The failure to translate the beneficial effect of HT observed in experimental studies to patients with ABI may reflect a limited knowledge of the multiple pathophysiologic mechanisms of secondary injury in the diverse brain pathologies. In this respect, multimodal neuromonitoring, although still mostly invasive, may help to provide insight into the pathophysiologic consequences of these conditions (Schiefecker et al. 2015). For example, increased brain temperature has recently been associated with cortical spreading depolarisations (CSD) in patients with TBI and spontaneous ICH (Schiefecker et al. 2017; Hartings et al. 2009). This is of interest because it is well known that the occurrence of CSD is extremely energy demanding and contributes to cortical lesion development following ABI (Hartings et al. 2017). This is further corroborated by the observation that clustered CSD were associated with metabolic distress and oedema development in patients with large ICH (Helbok et al. 2017).
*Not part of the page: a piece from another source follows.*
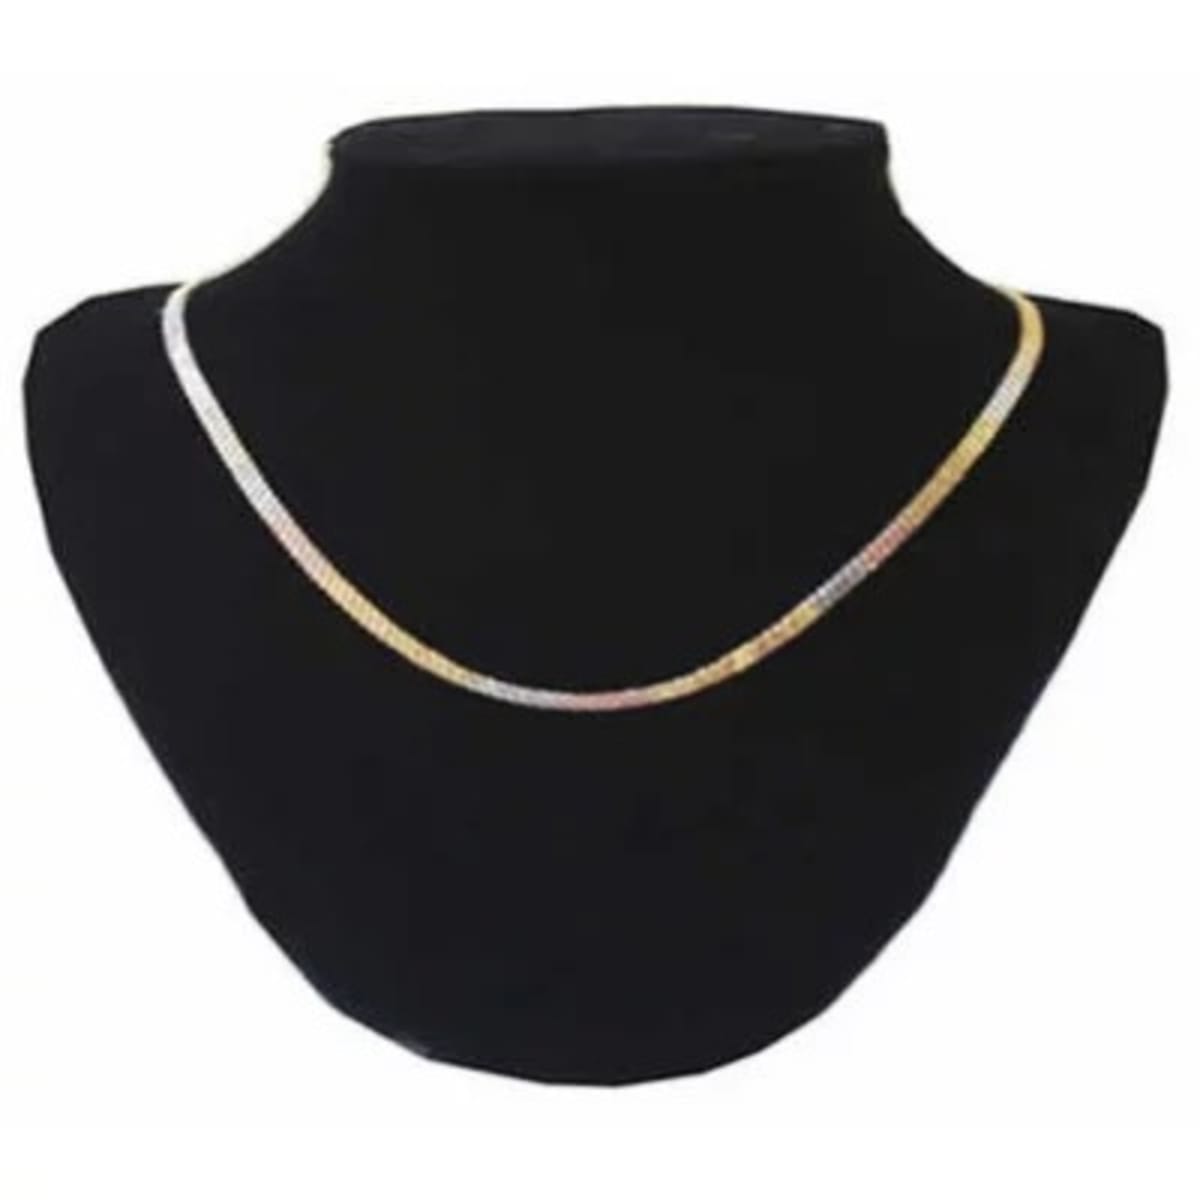 Buy Tri Layer 3 Tone Oval Beads Sterling Silver Chain Necklace by Mannash™  Jewellery

Considering the notable progress achieved by incorporating such a multimodal neuromonitoring system, this may open up the opportunity for providing individualised treatment and precision medicine in severely brain-injured patients in the future.

Conclusion

Based on the current evidence the use of prophylactic HT is not recommended in ABI patients (not considering patients with cardiac arrest) and should only be applied in the setting of clinical trials. There is a role for HT as a symptom-based intervention to e.g. treat refractory intracranial hypertension. Further research is needed to characterise the magnitude and duration of temperature modulation after ABI required for improvement of neurologic outcome. Prevention of fever and aggressive fever treatment (i.e. concept of normothermia) is feasible and recommended by experts.

Conflict of interest

Raimund Helbok received speaker 's honoraria of BARD Medical and ZOLL Medical and serves in the advisory board of the Intrepid trial (Bard Medical). Ronny Beer declares no conflict of interests.